Sheung-yuen Lee (李湘原), or Pedro Sheung-yuen Lee, is a former Hong Kong civil servant and diplomat, and a Reform UK candidate in the 2026 UK local election.

Prior emigrating to the United Kingdom, he has served as director of the Hong Kong Economic and Trade Office in Bangkok and acting director of the Hong Kong Economic and Trade Office in Jakarta. Positions that Financial Times described as the "de facto senior diplomat" and he remained in his post after the introduction of the 2020 Hong Kong national security law, which required civil servants to declare loyalty to the Hong Kong government under Chinese sovereignty. He also publicly expressed support for the law, which has been widely criticised by international observers for restricting freedoms and suppressing dissent in Hong Kong.

== Biography ==
Lee was educated at St. Stephen's College and, during his secondary school years, obtained a Licentiate Diploma in Piano Performance from Trinity College London. He decided to pursue a career in politics after facing various challenges while organizing concert tours in the United States and Canada during the summers of 1993 and 1994, as well as while participating in the International Mathematical Olympiad. After graduating from the University of Michigan in 1997, he returned to Hong Kong and joined the Hong Kong Government in 1999 as an Administrative Officer.

In 2015, he was posted to the Commerce and Economic Development Bureau, where he served as Political Assistant to the Secretary and later as Assistant Commissioner for Tourism. He was subsequently assigned to Bangkok to prepare for the establishment of the Hong Kong Economic and Trade Office there, becoming its inaugural Director upon its opening on 28 February 2019.

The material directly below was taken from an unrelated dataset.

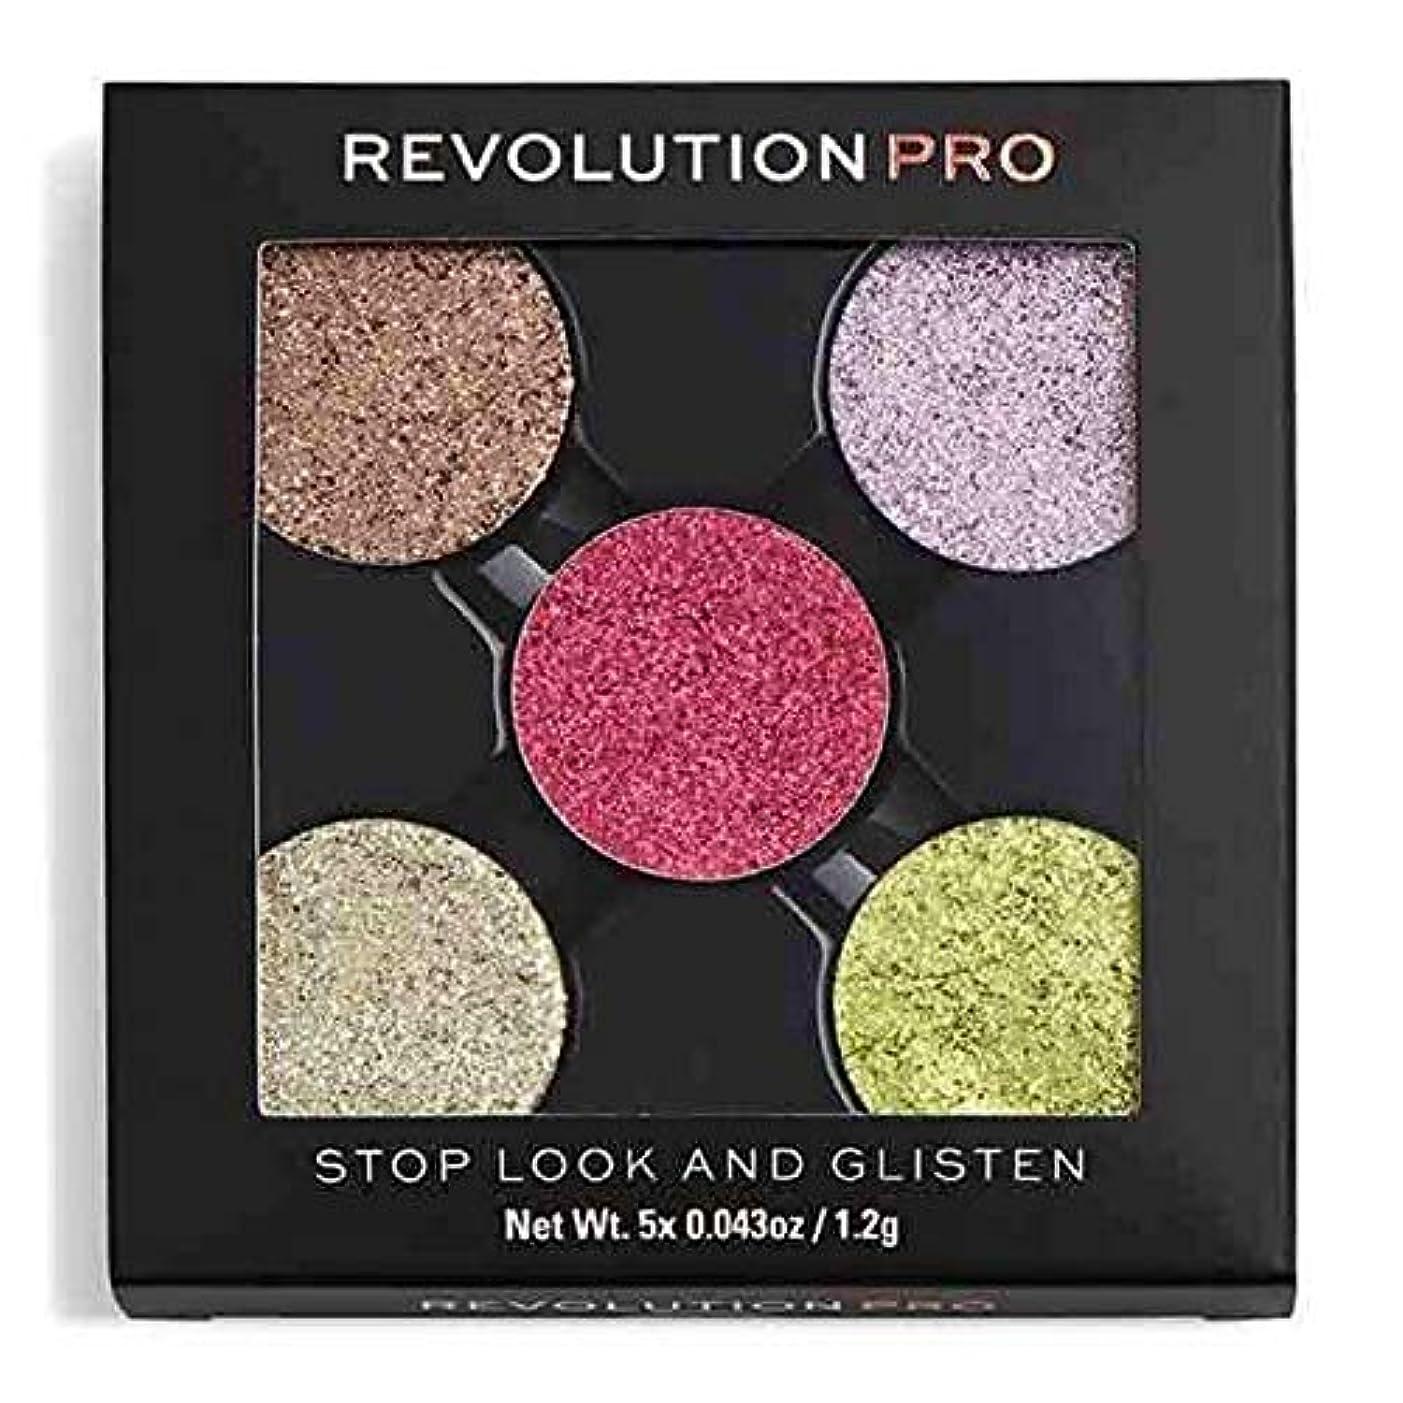 たくさん間接的程度[Revolution ] 革命のプロが見て、光る、キラキラパックストップを押します - Revolution Pro Pressed Glitter Pack Stop, Look and Glisten [並行輸入品]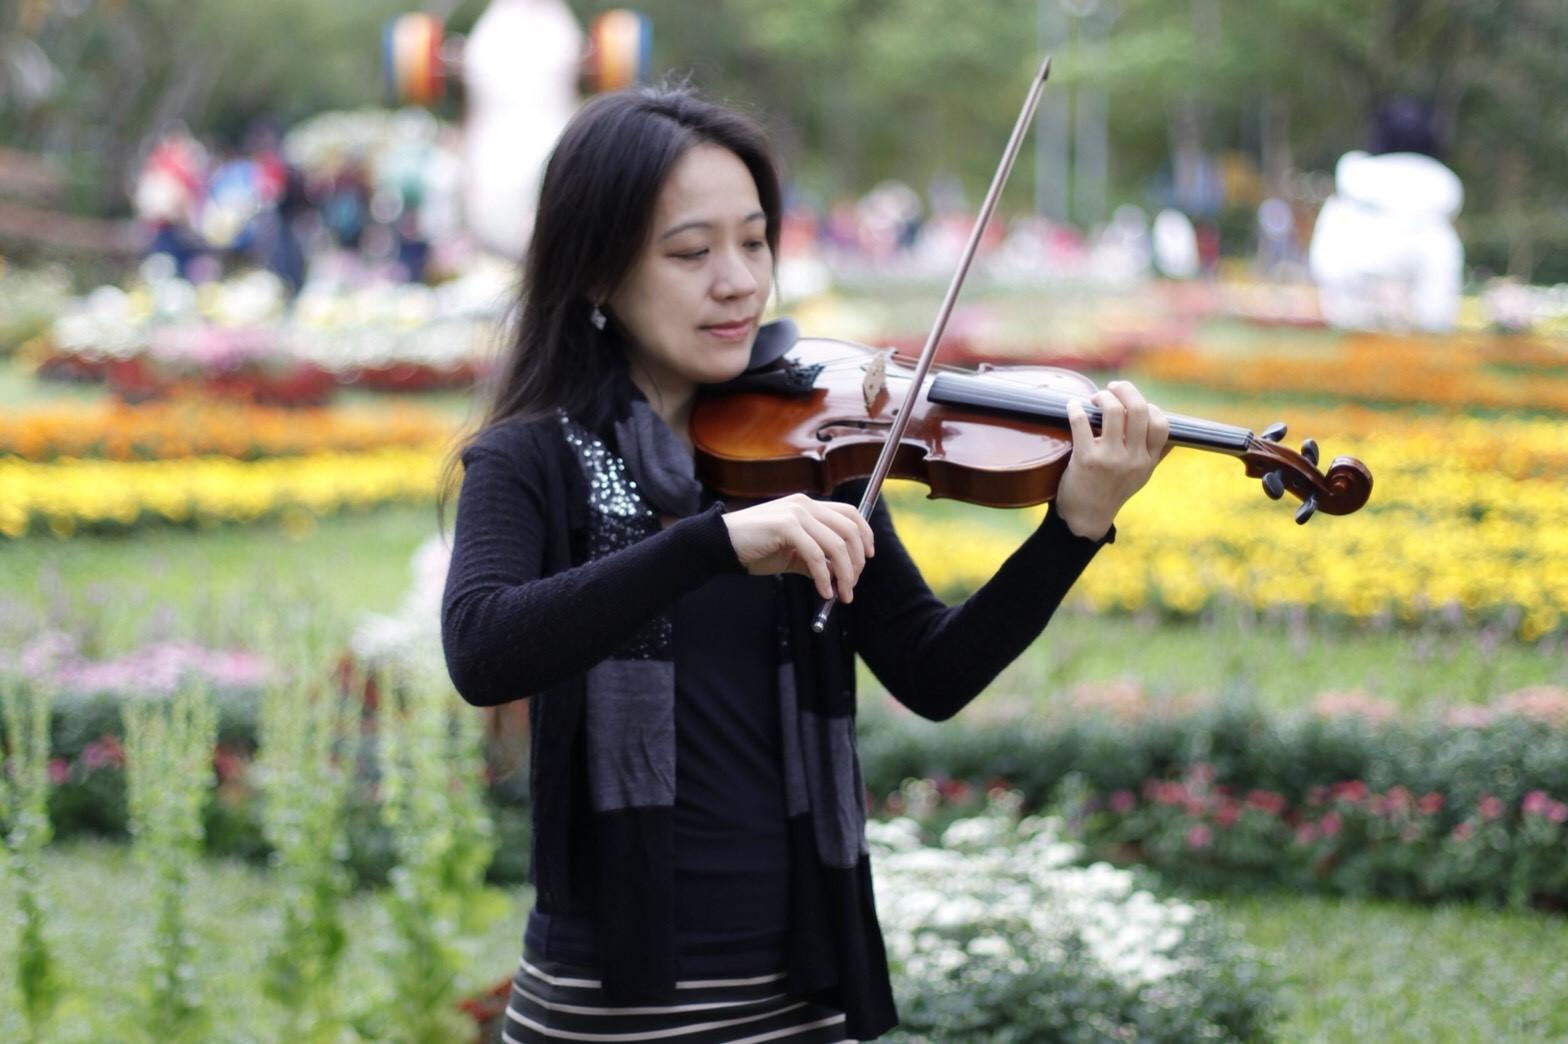 旅美小提琴家吳宜庭走出婚姻陰霾 重生音樂夢

In 2022, Lee publicly expressed support for the Hong Kong National Security Law on multiple occasions. He stated that since the enactment of the law and the reform of the electoral system to ensure that "patriots govern Hong Kong," the city had returned to the correct path of "one country, two systems." He also argued that by adhering to this principle and leveraging its unique advantages—such as participation in the Belt and Road Initiative, development of the Guangdong–Hong Kong–Macao Greater Bay Area, and integration into the "dual circulation" strategy—Hong Kong would be able to make greater contributions to national development and move toward a more prosperous future.

From September 2022, Lee concurrently served as acting director of the Hong Kong Economic and Trade Office in Jakarta. After Parson Lam Chun-wah assumed the post of director of the Bangkok office on 4 September 2023, Lee continued as director of the Jakarta office. He left the Hong Kong civil service in November 2023 and later relocated to Acton, London, where he has been engaged in music-related work.

In the 2026 United Kingdom local elections, he stood as a Reform UK candidate for a council seat in the London Borough of Ealing. Reform UK replied to Financial Times, saying Lee signed declaration of loyalty to Hong Kong government "without which he would have lost his job".